И с наших ли дней свет начал изменяться? Куда?.. Семьдесят лет живу на свете, и сколько я видел перемен! батюшки мои!..
Как-то мы с женой были в разладе. Уединясь в свой кабинет, я впал в меланхолию и предался сравнениям, как бывало прежде, и как идет ныне, как обращался мой батенька с маменькою, как они были им послушны, и как, напротив, живу я, сын их, с моею женою, и уже не у она мне, а я ей послушен. Это завлекло меня в глубь событий жизни моей; предавшись воспоминаниям и сравнивая прошедшее с давпрошедшим. а настоящее со всем| вообще прошедшим, увидел большую разницу. Удивление мое подстрекнуло меня изложить все на бумаге, го есть описать главнейшие периоды жизни моей и любопытнейшие эпохи или случаи, со мной встречавшиеся.
Пусть это будет старости в наслаждение, а юности в наставление.
Начинаю с начала, то есть от самого детства моего.

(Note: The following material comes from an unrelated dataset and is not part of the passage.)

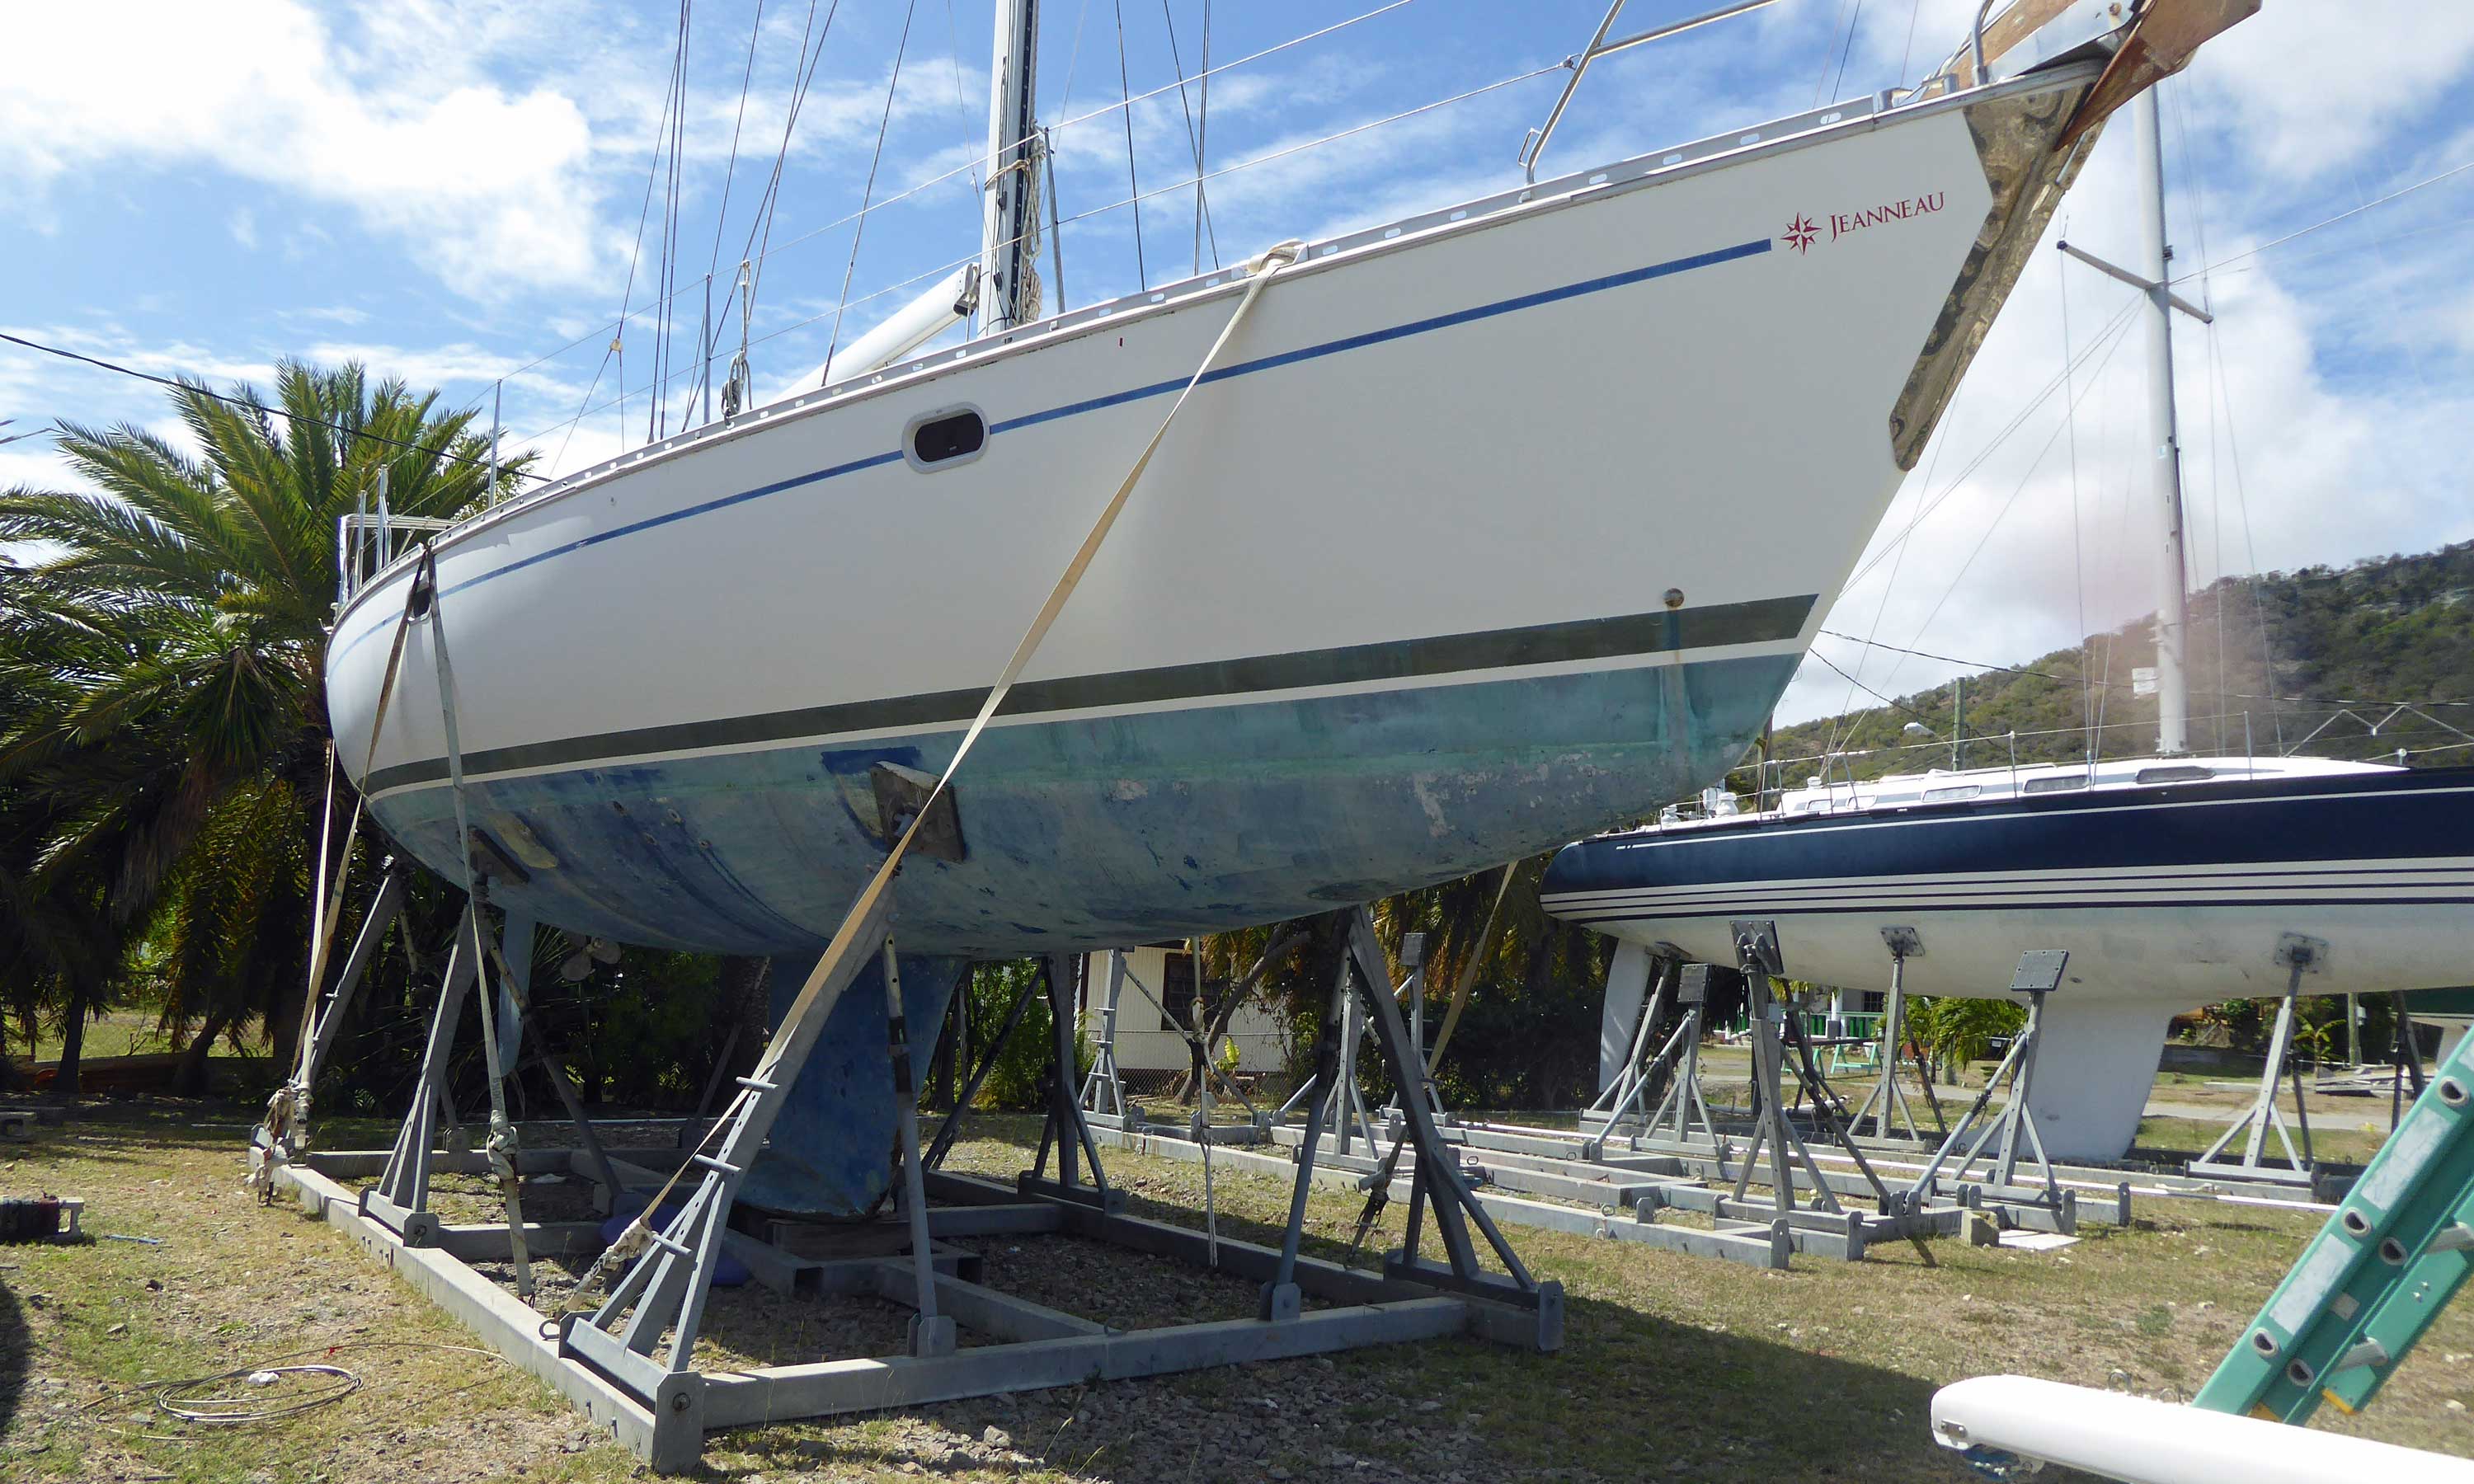 A boat stored in a cradle with tie downs for the Caribbean hurricane season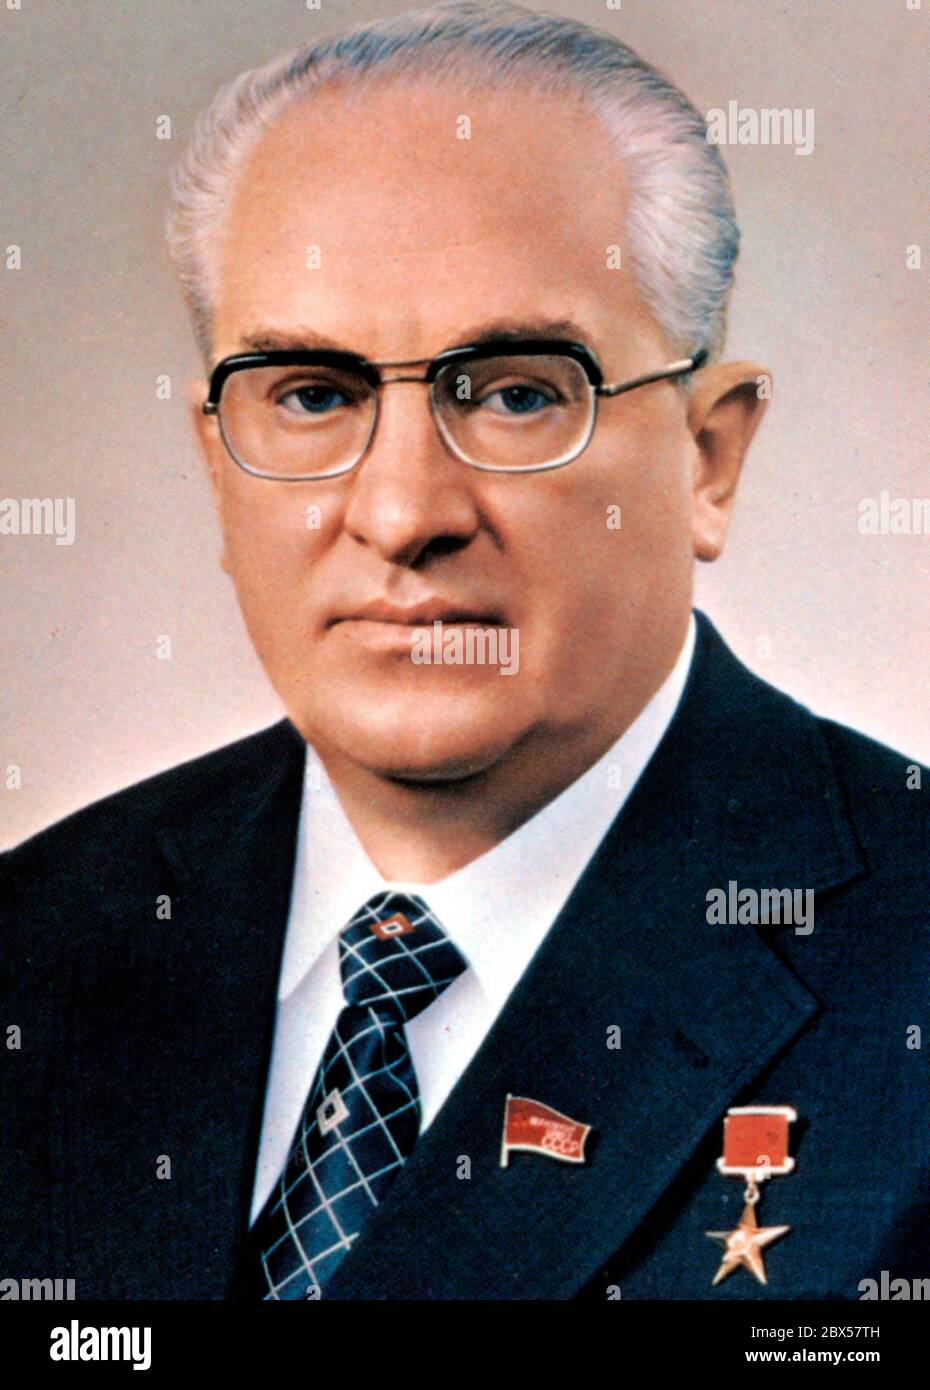 Yuri Andropov (15.06.1914 - 09.02.1984), between 1973 - 1984 Member of the Political Bureau of the CPSU, between 1982 - 1984 Secretary General of the CPSU, between 1967 - 1982 head of the KGB secret service, successor of the Soviet party leader Brezhnev, who awarded him the Order of Lenin for his merits as head of the KGB. Official photo from 1981 for the authorities in the former Soviet Union and for the East German KGB headquarters in the East Berlin district of Karlshorst. Stock Photo

У наших батеньки и маменьки нас детей всего было: Петруся, Павлуся, Трофимка, Сидорушка, Офремушка, Егорушка, и Сонька, Верка, Надежда и Любка; шесть сынков-молодцов и четыре дочери – всего десять штук… Мы, сыновья, получали имена, по-тогдашнему, по имени того дня, в который рождалися; а дочерей батенька желали иметь по числу добродетелей и начали с премудрости… Были утешены, что уже хотя в конце супружеской их жизни явилась у них любовь. Несмотря ни на что, маменька все уверяли, что у них должен быть еще сын; но, когда батенька возражали на это, что уже и так довольно и что не должно против натуры итти, то маменька, не понимая ничего, потому что российской грамоты не знали, настаивали на своем и даже открыли, что они видели видение, что у них будет-де сын и коего должно назвать Дмитрюшею. Батенька поверили было маменькиному видению, но по прошествии нескольких недель начали возражать, что маменьке явилось ложное видение. Маменька плакали (они были очень слезливы: чуть услышат что печальное, страшное или не по их чувствам и воле, тотчас примутся в слезы; такая была их натура) и уверяли, что точно должно быть у них сыну, но батенька решительно сказали: "Это у тебя, душко, мехлиодия!" Так батенька называли меланхолию, которой приписывали все несбыточные затеи. Тем и заключилось умножение на* шего семейства к пользе благосостояния нашего.
Правду сказать, не все сынки были молодцы: один из нас, Павлуся, был горбат от неприсмотра нянек, которых за каждым из нас было по две, потому что батенька были богатый человек. Павлуся как-то оступился и упал с крыльца, а крыльцо было высокое; с него один наш Сидорушка – о! да и проворная же был штука! – мог только прыгать; следовательно, можете посудить, как оно было высоко! Так вот с этого-то крыльца Павлуся скатился вниз и повредил себя. Няньки тогда не сказали маменьке, да уже на пятом году возраста его увидели, что у него горб растет сзади. Досталося же тогда нянькам! Я думаю, что если они живы еще, то и теперь помнят благодарность батеньки и маменьки за присмотр Павлуся.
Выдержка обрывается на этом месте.